## PROBLEM TO SOLVE
Skip every image and restate the data word for word.

## INFORMATION SUPPLIED
-----

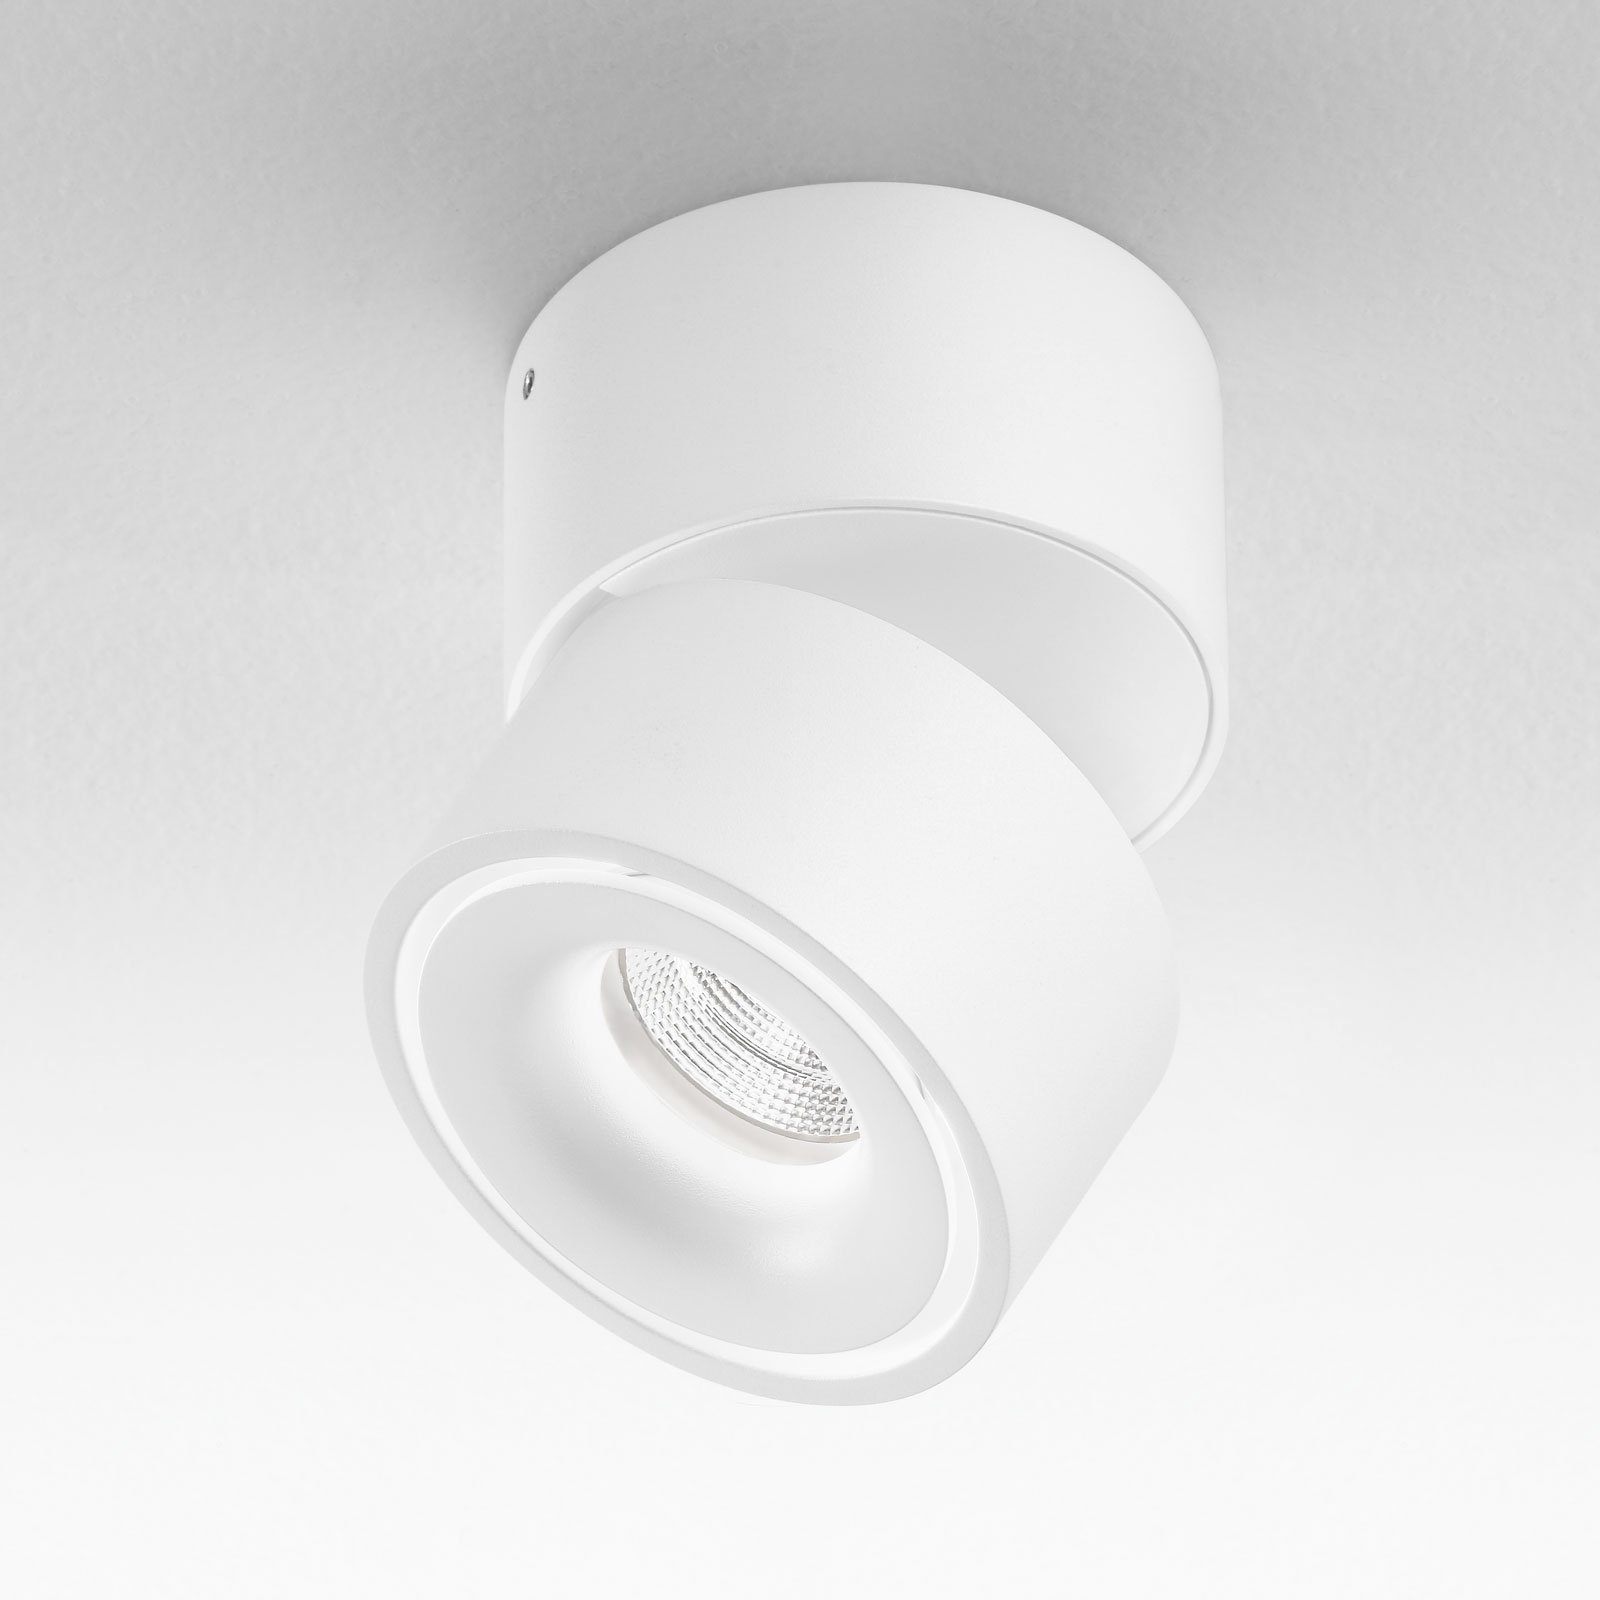 Egger Clippo LED stropní spot bílý, 3 000 K
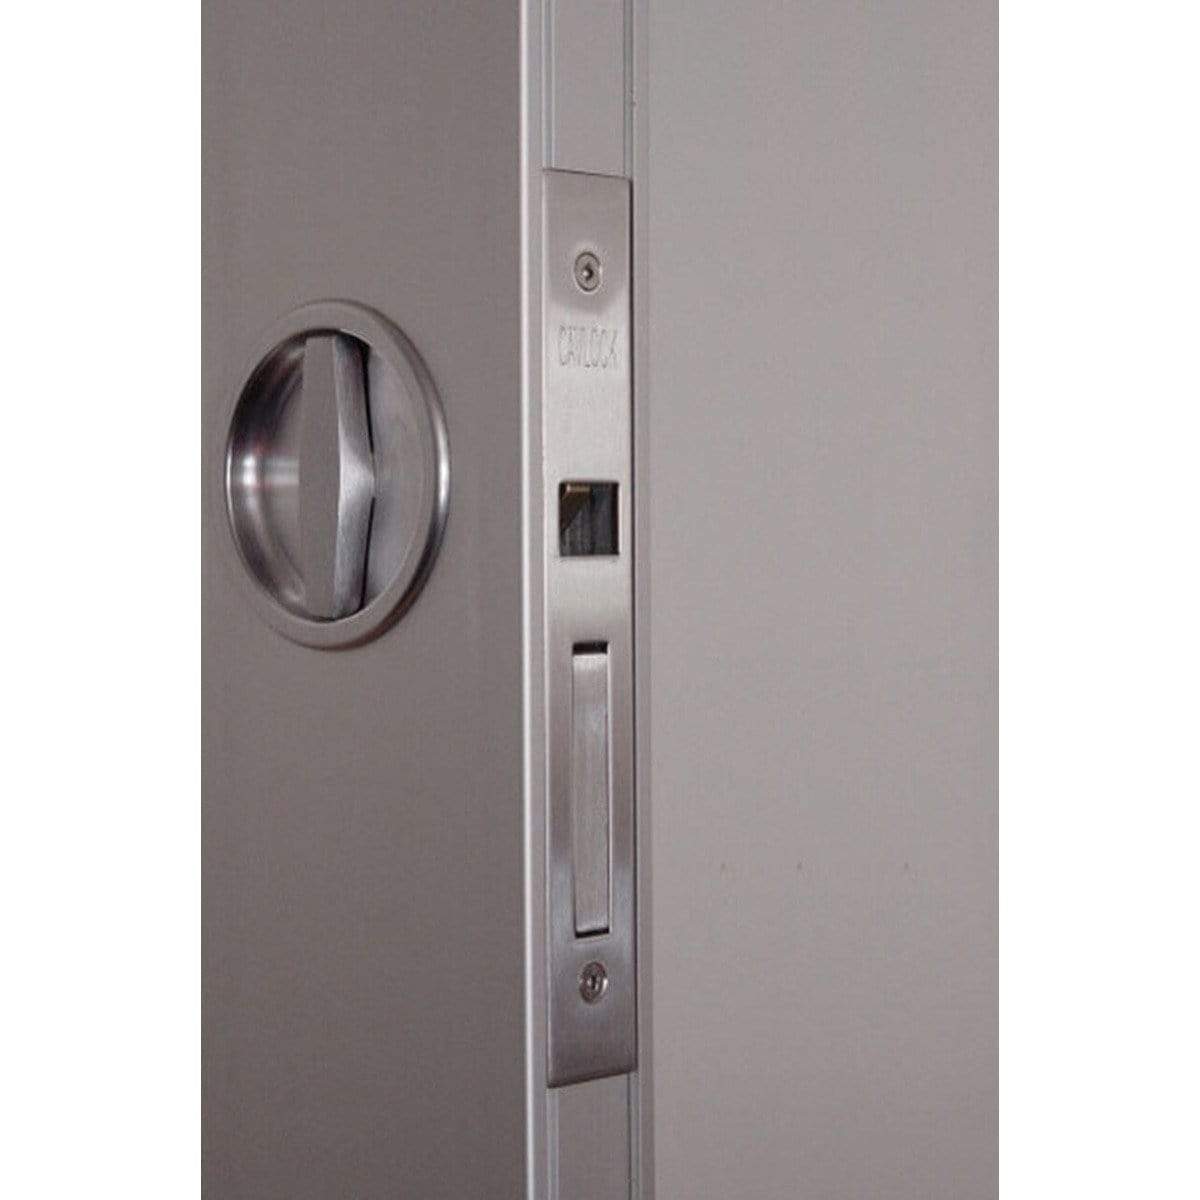 Flush Turn Pocket Door Handle - Sliding Barn Door Hardware by RealCraft
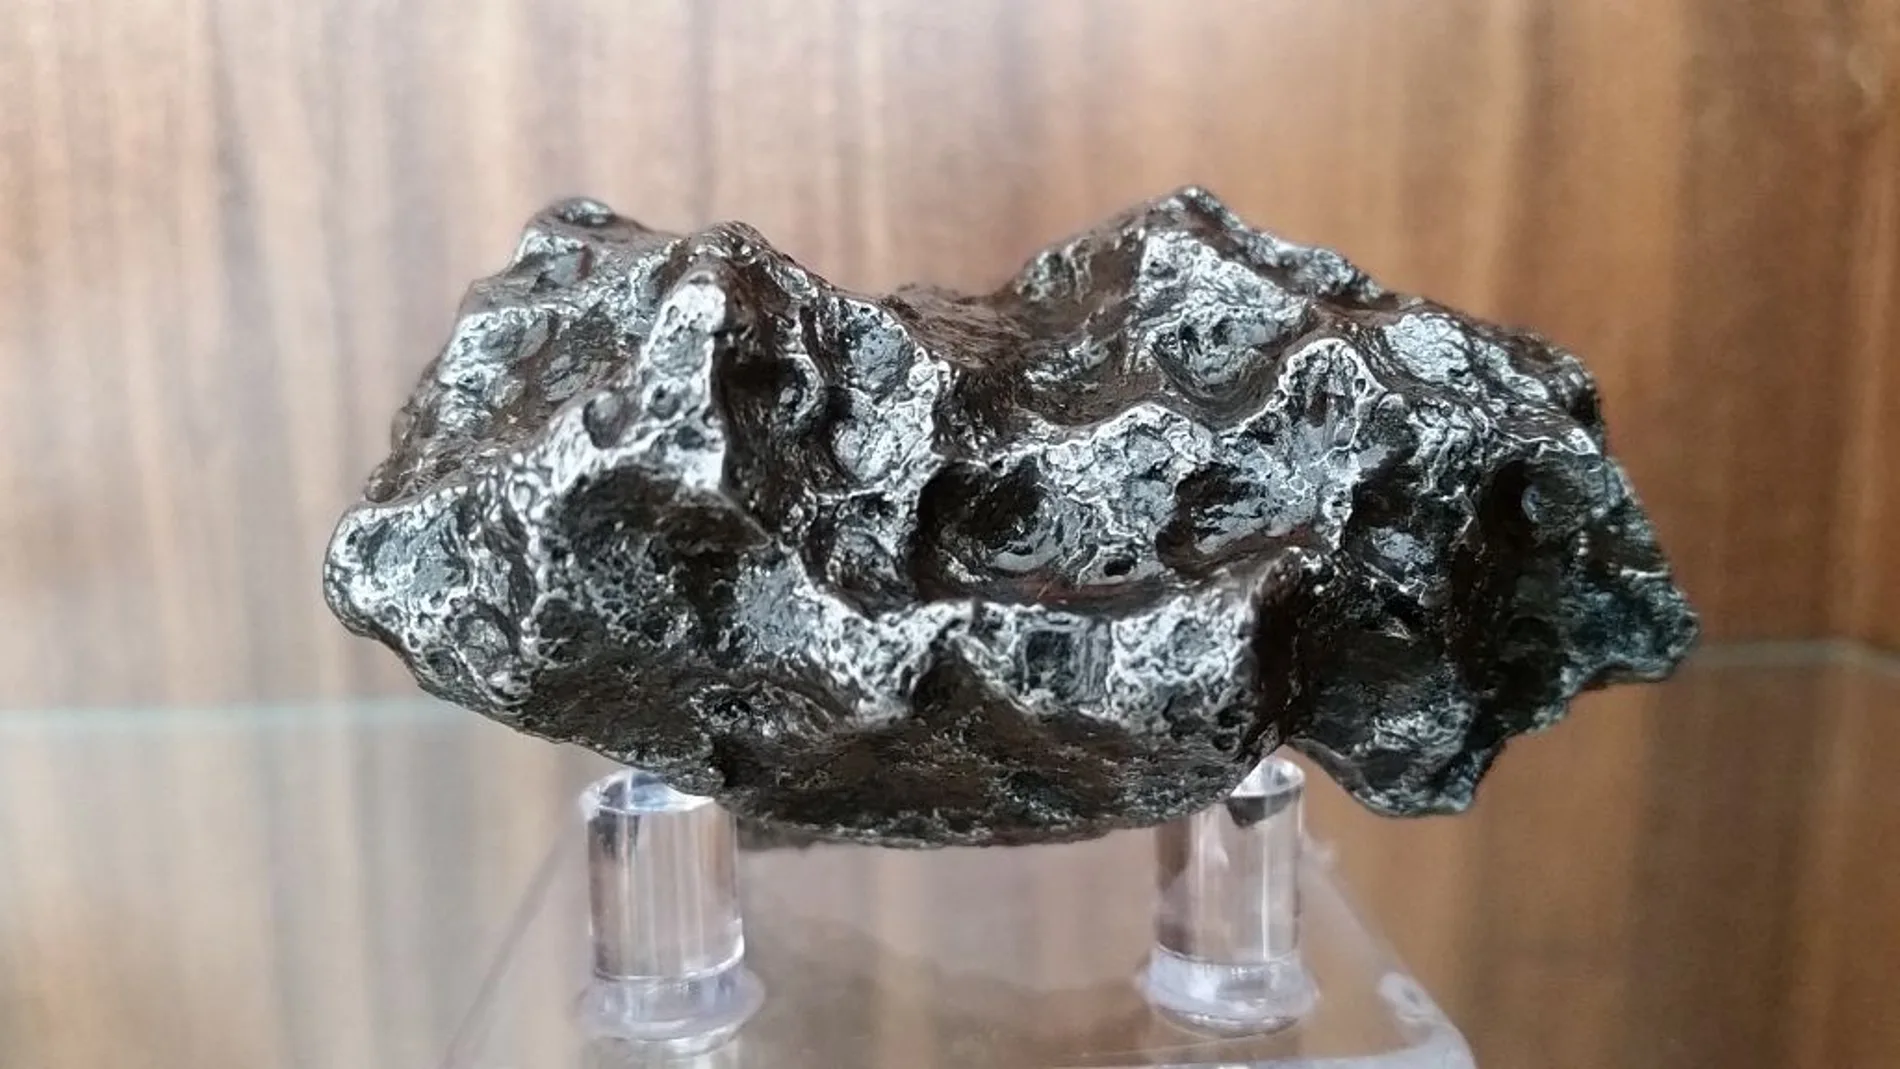 Fragmento del meteorito metálico Campo del Cielo, caído en Argentina hace entre 4000 y 5000 años.
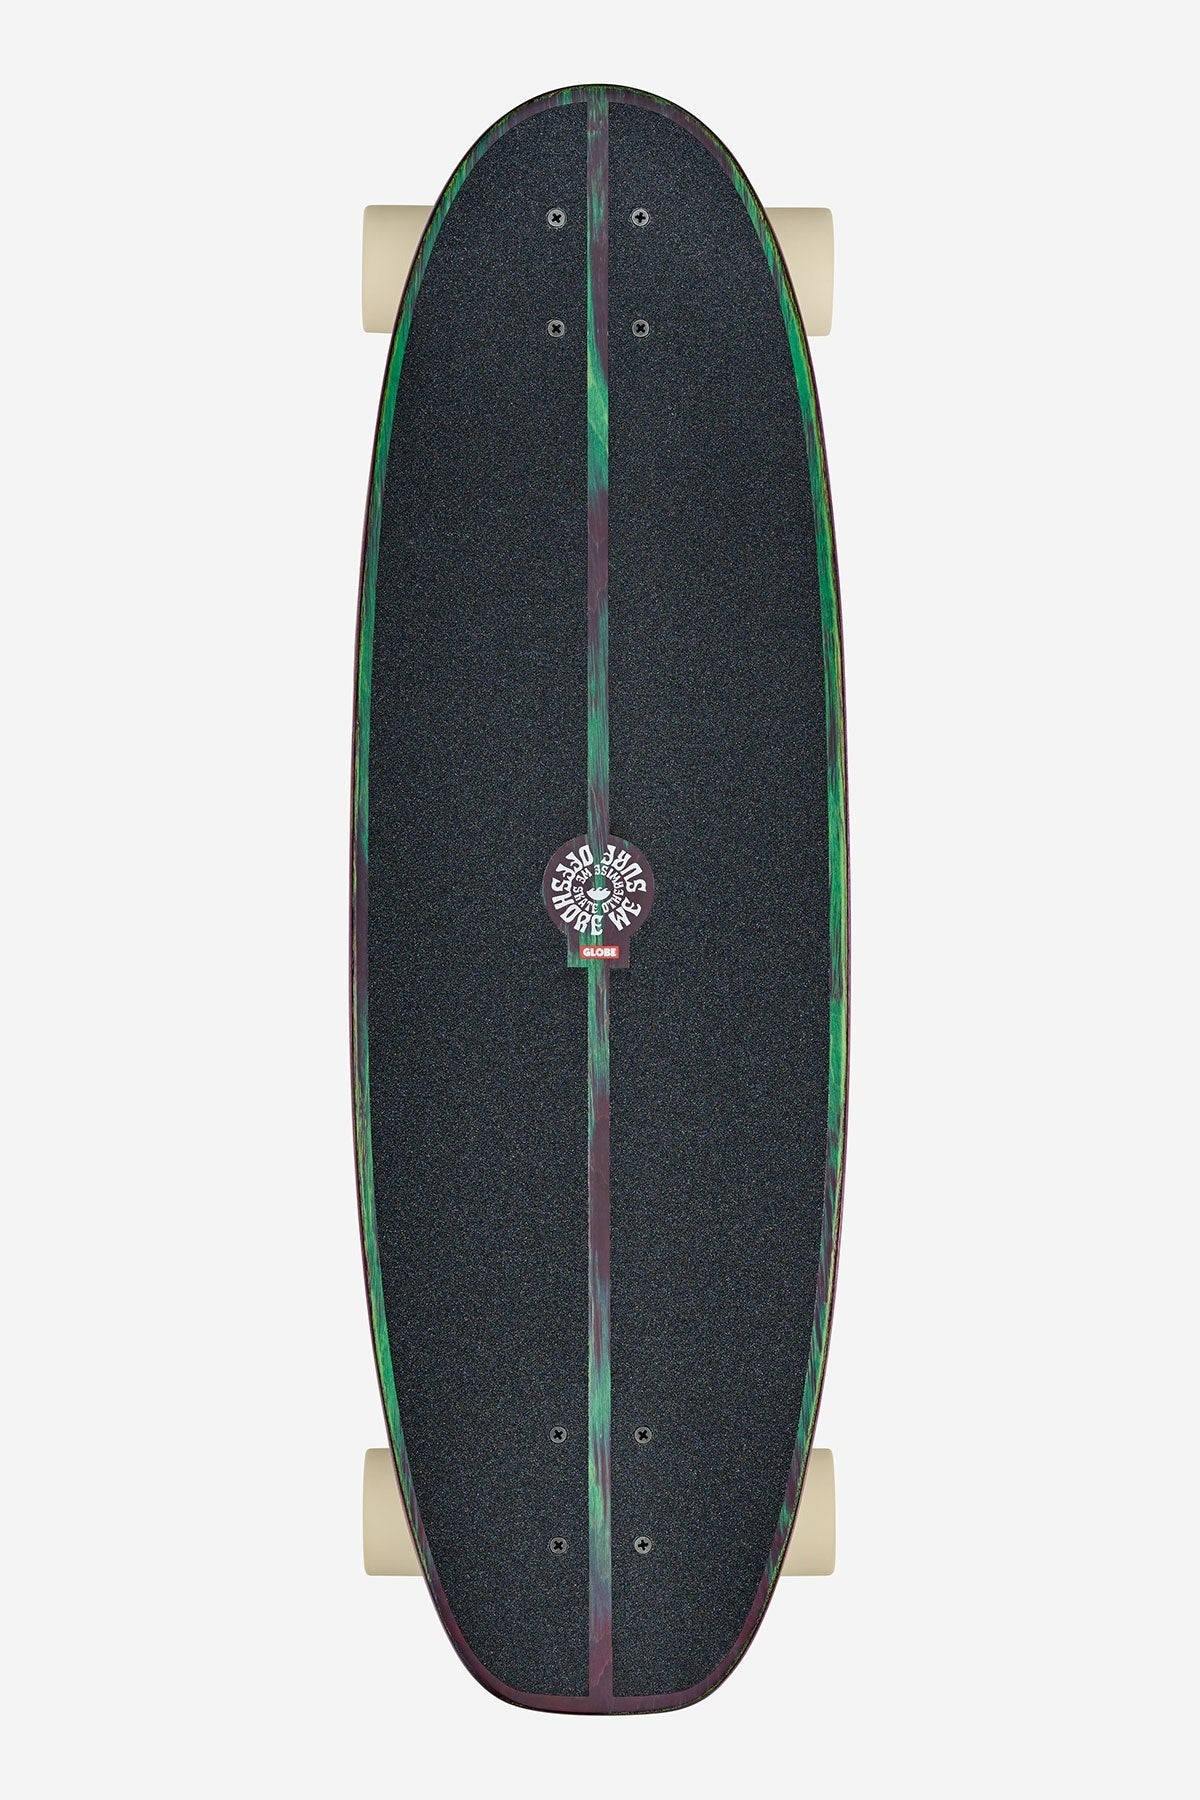 Costa 31" Surf/Skate Cruiser Skateboard - SS First Out

-----

## RESULT OF THE EXERCISE
 Egger Clippo LED stropní spot bílý, 3 000 K
 Flush Turn Pocket Door Handle - Sliding Barn Door Hardware by RealCraft
 Fragmento del meteorito metálico Campo del Cielo, caído en Argentina hace entre 4000 y 5000 años.
 Costa 31" Surf/Skate Cruiser Skateboard - SS First Out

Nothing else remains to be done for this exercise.